In this exercise, print only the lines of the records below from the one with "Óculos de Natação" through the one with "针对长沙市近中期铁路线路,包括渝长广联络线,云贵厦联络线,长岳城际", inclusive. Pictures are not part of the copy.

━━━━━ DATA EXTRACTS ━━━━━

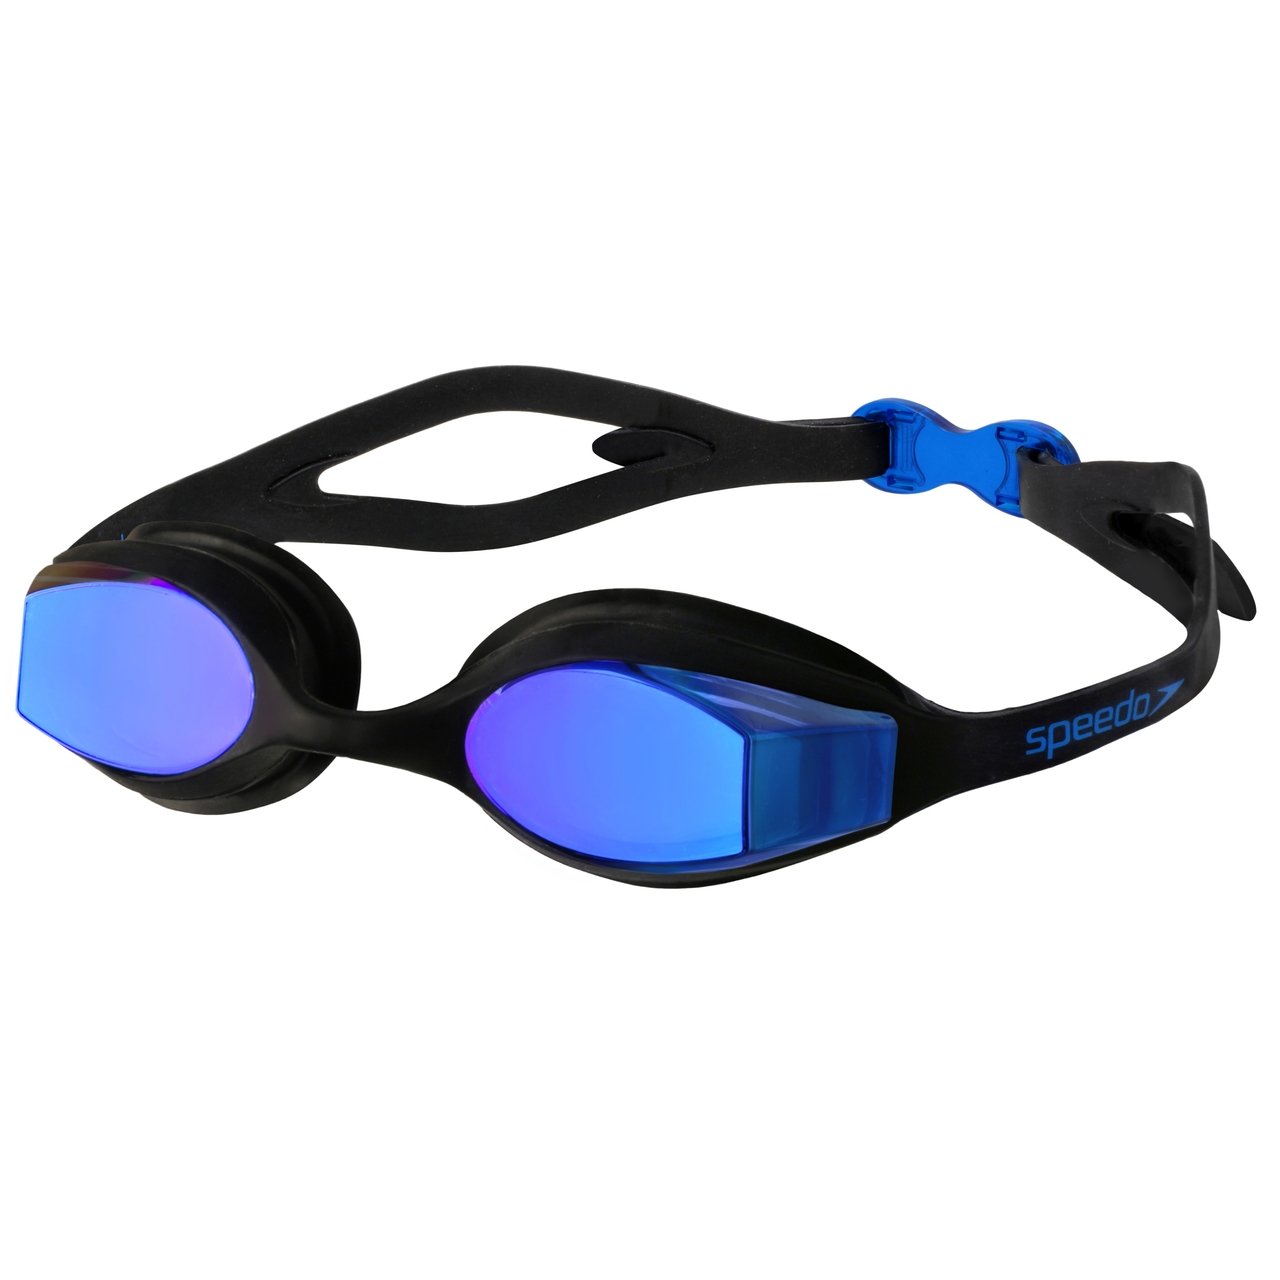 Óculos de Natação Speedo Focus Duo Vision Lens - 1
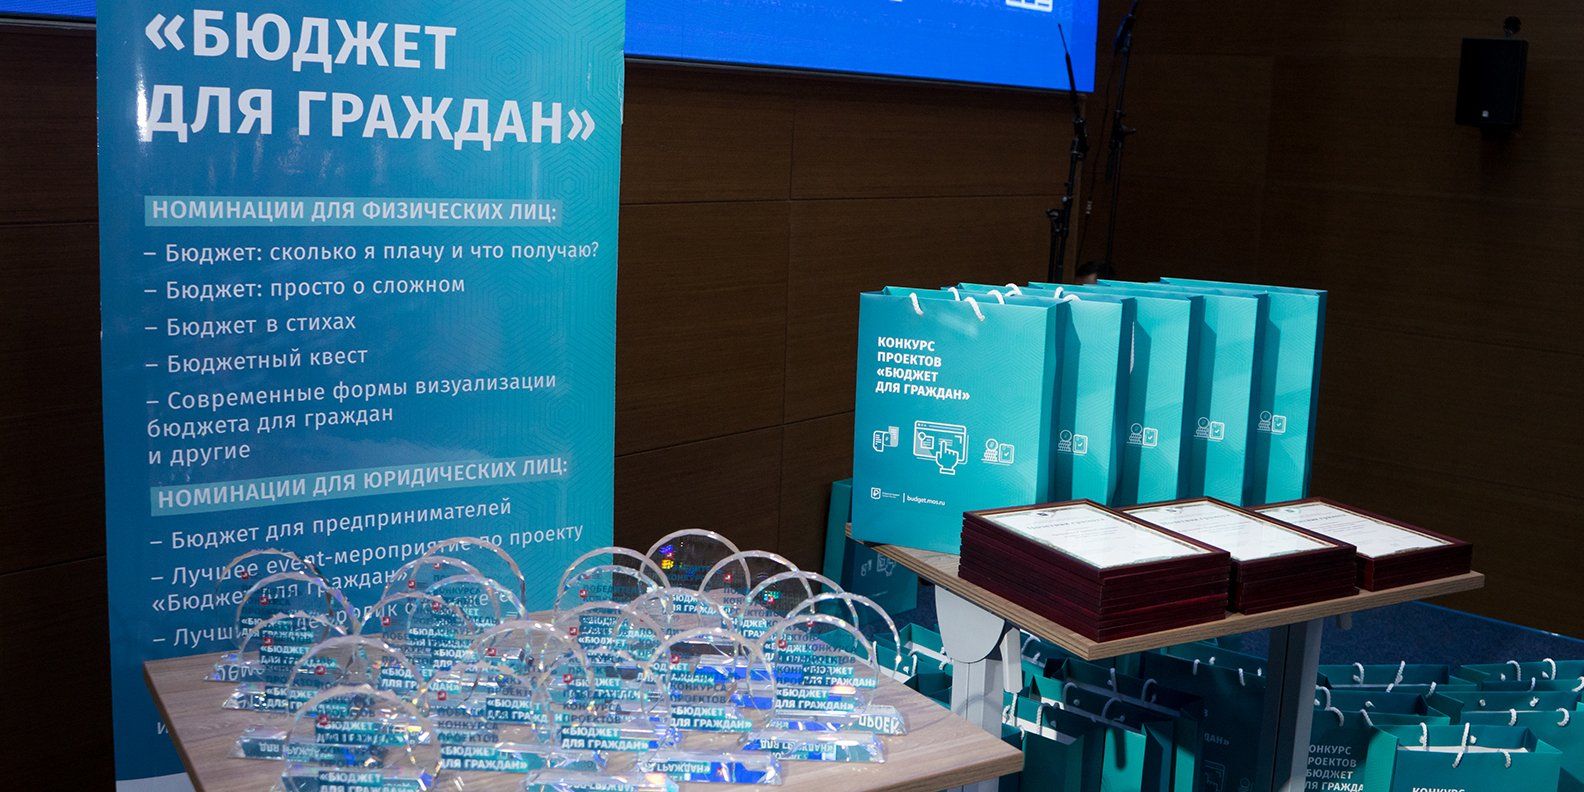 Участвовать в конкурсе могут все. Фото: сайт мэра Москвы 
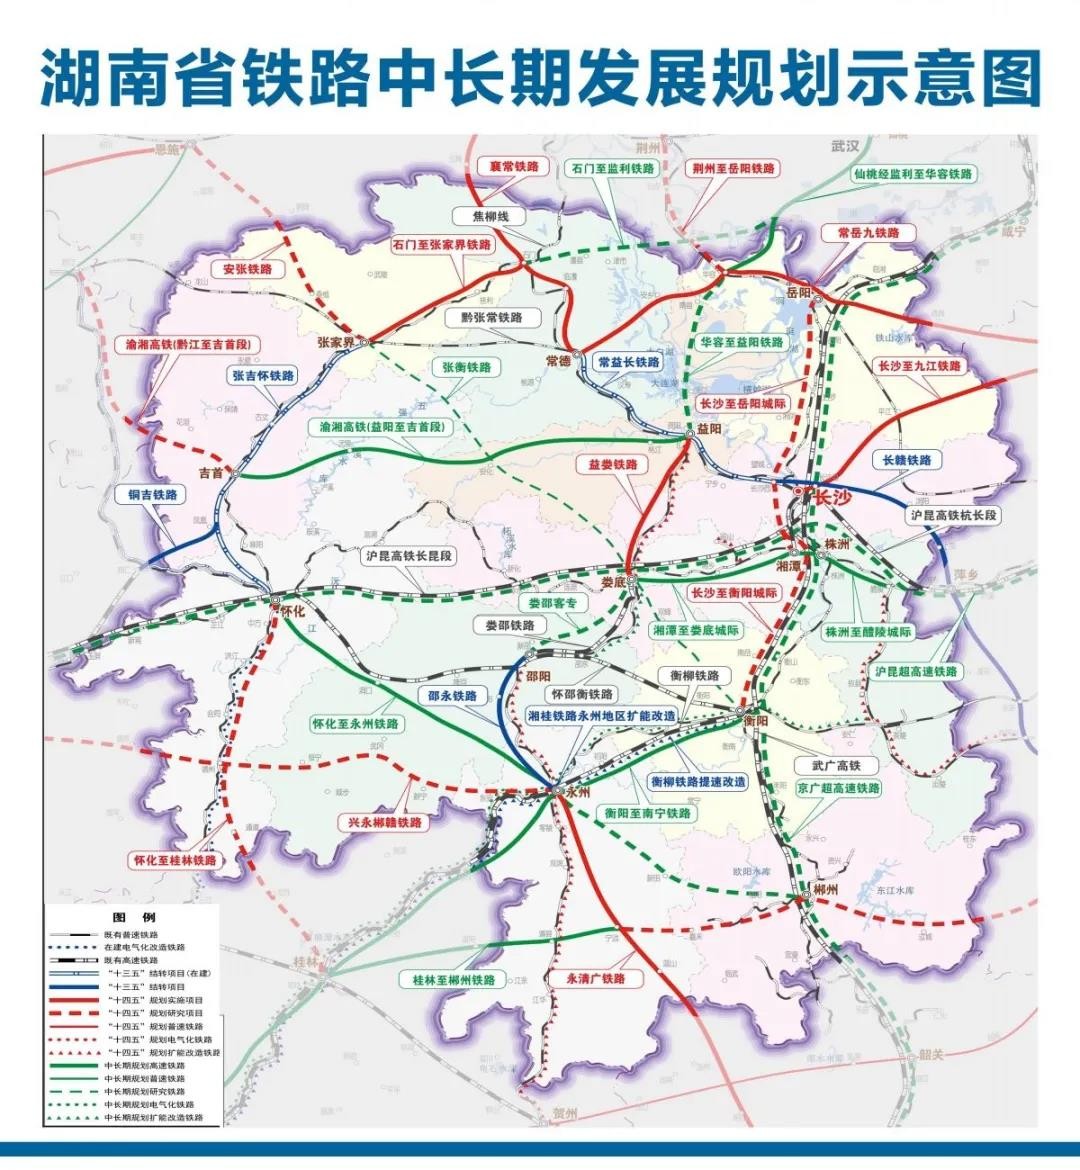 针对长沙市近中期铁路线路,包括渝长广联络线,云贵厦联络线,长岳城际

━━━━━
━━━━━ DATA EXTRACTS ━━━━━

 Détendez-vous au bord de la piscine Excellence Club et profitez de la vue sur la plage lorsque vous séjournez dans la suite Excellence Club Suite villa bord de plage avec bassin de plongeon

━━━━━

* WRITTEN SOLUTION
 Óculos de Natação Speedo Focus Duo Vision Lens - 1
 Участвовать в конкурсе могут все. Фото: сайт мэра Москвы 
 针对长沙市近中期铁路线路,包括渝长广联络线,云贵厦联络线,长岳城际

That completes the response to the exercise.